Like all firefighters, Fitzgerald saw his share of comical things happen on calls. Once, he said, he and Mullis were inside a furniture factory that had reported a fire. The two became separated in the large plant, and soon Fitzgerald said, he heard Mullis call out “help me, help me. Something’s got me,” he said.

Fitzgerald said he found his way through the darkness, and came upon Mullis, wondering what could possibly have grabbed him in the plant. “His suspenders (which were hanging down) had gotten lodged on something,” he said.

Lloyd Ramsey, Iredell County fire marshal and former SFD firefighter, said Fitzgerald had his own moments that produced laughs and some tears, or at least a little steam.

“Fitz could break an anvil with a rubber mallet,” Ramsey said with a laugh. “We had gotten some new gauges and Fitz said ‘Let’s go test them.’ ” Within a few minutes, one of the gauges was broken, Ramsey said. “Crowson (former Chief Frank Crowson) was hot. You could almost see the steam coming out of his ears.”

Despite his tendency to break things, Fitzgerald was a valuable teacher, Ramsey said. “Fitz is a good one. He’s as good a man as I ever worked with. I learned a lot from Fitz,” he said.

That’s a sentiment shared by Chuck Gallyon, the retired fire marshal and former SFD firefighter. “There’s not anything bad I can say about Fitz,” he said.

While the SFD has been an important part of Fitzgerald’s life, it’s not the only thing. When not at the fire department, Fitz can often be found at Pla Mor Lanes.

“I bowl at least four times a week,” he said. He is so passionate about bowling that he has several bowling balls, and brings at least one with him in a special carrier. “I guess you could say I’m obsessed with bowling.”

He is also an active member of his church - Westwood Baptist. The Rev. Michael Hyde described Fitzgerald as a grandfather and father figure for many people in the church. He’s a deacon at the church, teaches Sunday School, sings in the choir and does about anything mechanical that needs to be done, Hyde said.

“On his days off, he comes in here to see if anything’s broken,” he said.

Hyde said Fitzgerald’s work schedule might have prevented him from being at services regularly, but he’s still a vital part of the church family.

“He’s a great guy,” Hyde said.

Fitzgerald also likes to ride his motorcycle, frequently taking his grandson with him.

He said he hopes to be able to dedicate more time to his bowling, his church and his family by retiring.

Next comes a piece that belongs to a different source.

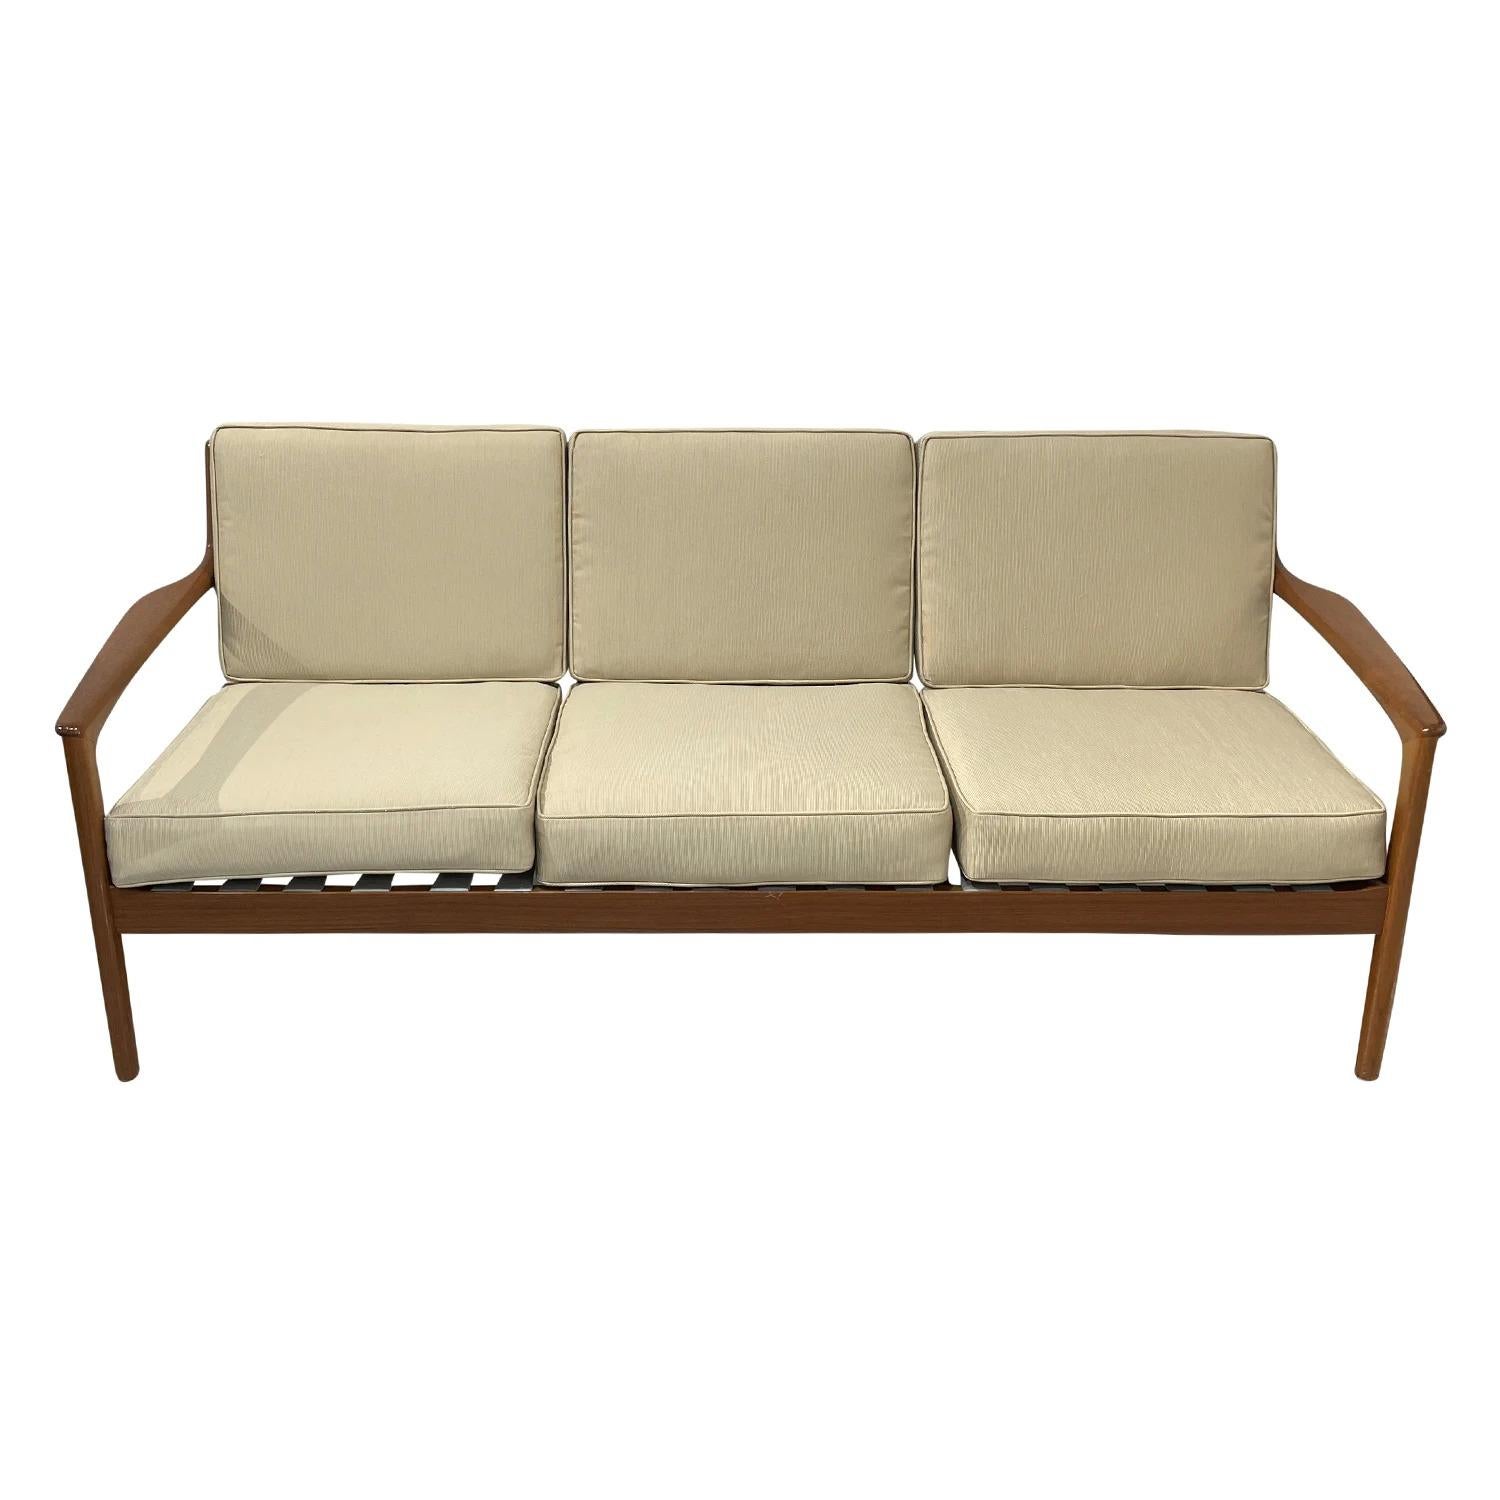 Mid-Century Modern 20th Century Swedish Dux Three Seater Teak Sofa, Vintage Settee by Folke Ohlsson For Sale

It’s a decision he considered a few years ago, when he was 62. But, with the cost of health insurance, he said, he would have had to take another job. “If I was going to have to work anyway, I figured I might as well stay here, doing what I love,” he said.

His friend and chief, the late Richard Campbell, who passed away in July, convinced him to stay.

“I had told everybody I was leaving at the end of the year. Richard pulled me aside and said, ‘You know, if you don’t want to go, you don’t have to. I don’t want you to leave,’ ” Fitzgerald said.

That was enough for Fitzgerald. “He never knew how much I appreciated that,” he said.

Now, things are different. He said he believes it’s time to go and allow the younger people in the department to move up the ladder.

Statesville Mayor Costi Kutteh said people like Fitzgerald are hard to replace. “He’s been a very dedicated and loyal firefighter,” he said. “He’s provided a lot of leadership to the younger people there through the years.”

Fitzgerald said he has never regretted the decision to leave his grocery store job and put on the turnout gear. “I’ve had a good career through the years. I have friends who worked at other places, and they didn’t have the job security I had. I am thankful that I’ve never been laid off from work.”